To determine the concentration of [-OOCCOO-] in the solution, you need to consider both the dissociation reactions of oxalic acid:
1) HOOCCOOH(aq) ⇌ HOOCCOO-(aq) + H+(aq) (equation 1)
2) HOOCCOO-(aq) ⇌ -OOCCOO-(aq) + H+(aq) (equation 2)
You correctly set up an ICE table for equation 1, but the equilibrium constant (Ka1) you used is incorrect. The given Ka1 value is actually the Ka2 value.
So let's correct that and solve the problem:
1. Set up the ICE table for equation 1:
HOOCCOOH(aq) ⇌ HOOCCOO-(aq) + H+(aq)
Initial: 0.139 M 0 0
Change: -x +x +x
Equilibrium: 0.139 - x x x
2. Write the expression for Ka1:
Ka1 = [HOOCCOO-][H+] / [HOOCCOOH]
3. Plug in the equilibrium concentrations:
0.0560 = x^2 / (0.139 - x)
Since Ka1 represents a small dissociation constant, we can assume that x is small compared to 0.139, so we can approximate 0.139 - x ≈ 0.139.
4. Simplify the equation:
0.0560 = x^2 / 0.139
5. Solve for x:
x^2 = 0.0560 * 0.139
x^2 = 0.007784
x ≈ 0.0881
Now we have the concentration of HOOCCOO-, which is 0.0881 M.
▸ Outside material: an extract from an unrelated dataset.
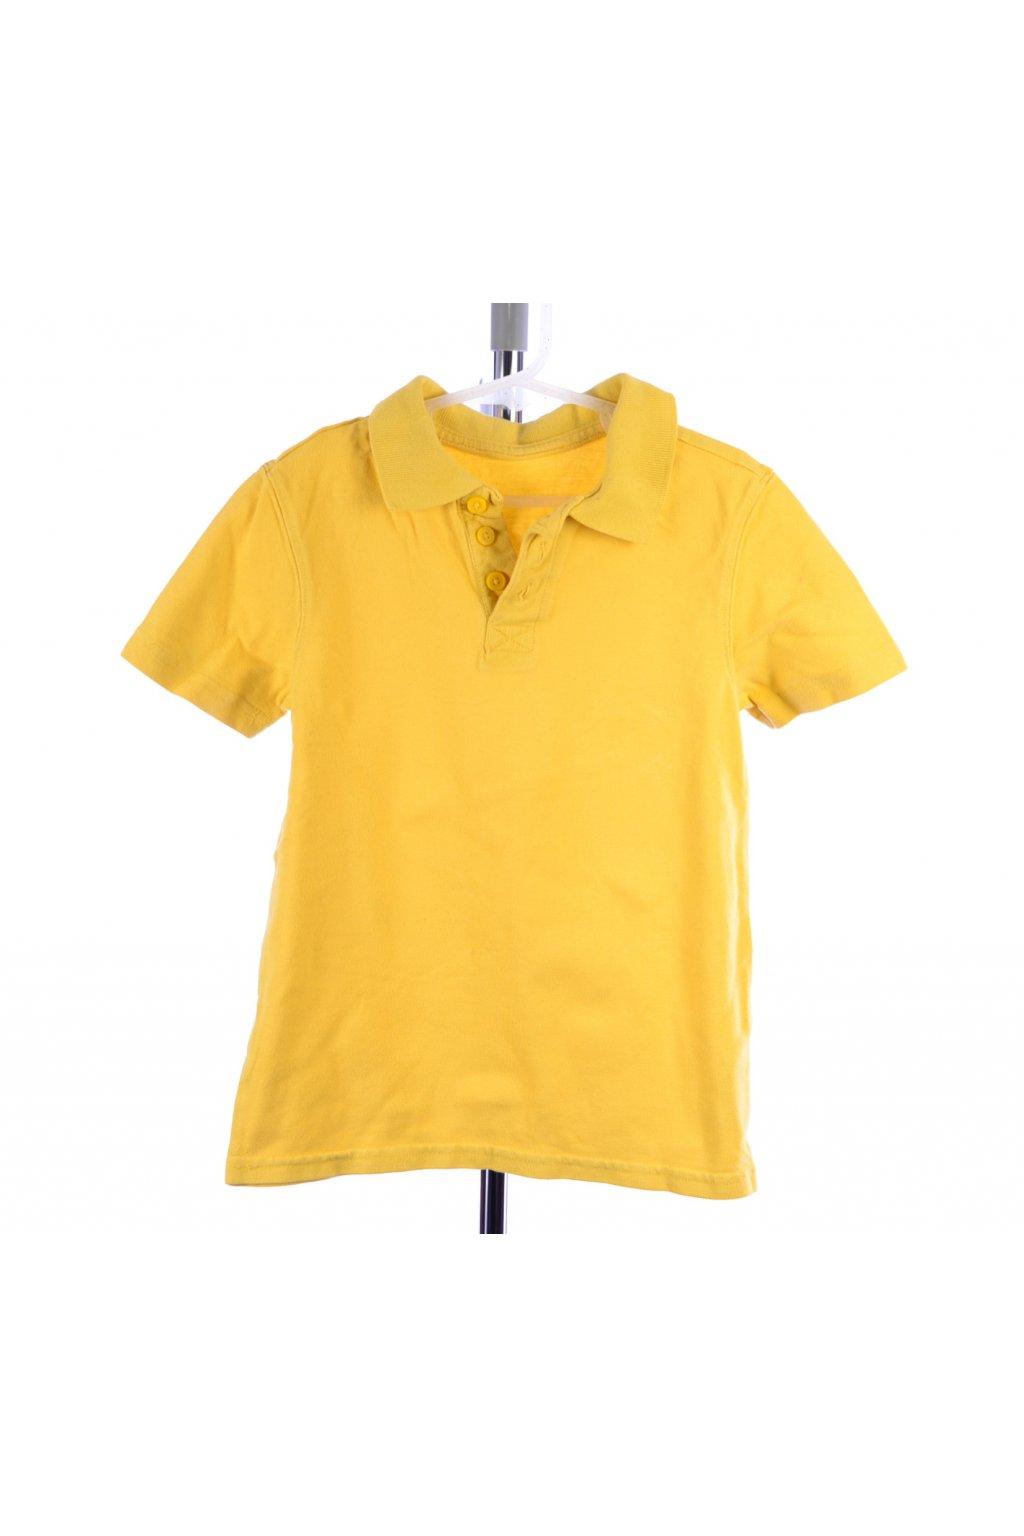 Tričko žluté F&F vel. 116

6. Now, let's set up an ICE table for equation 2:
HOOCCOO-(aq) ⇌ -OOCCOO-(aq) + H+(aq)
Initial: 0.0881 M 0 0
Change: -x +x +x
Equilibrium: 0.0881 - x x x
7. Write the expression for Ka2:
Ka2 = [-OOCCOO-][H+] / [HOOCCOO-]
8. Plug in the equilibrium concentrations:
0.0145 = x^2 / (0.0881 - x)
Again, since Ka2 represents a small dissociation constant, we can assume that x is small compared to 0.0881, so we can approximate 0.0881 - x ≈ 0.0881.
9. Simplify the equation:
0.0145 = x^2 / 0.0881
10. Solve for x:
x^2 = 0.0145 * 0.0881
x^2 = 0.00127745
x ≈ 0.0358
Now we have the concentration of -OOCCOO-, which is 0.0358 M.
Therefore, the concentration of [-OOCCOO-] in the solution with an initial concentration of 0.139 M oxalic acid is approximately 0.0358 M.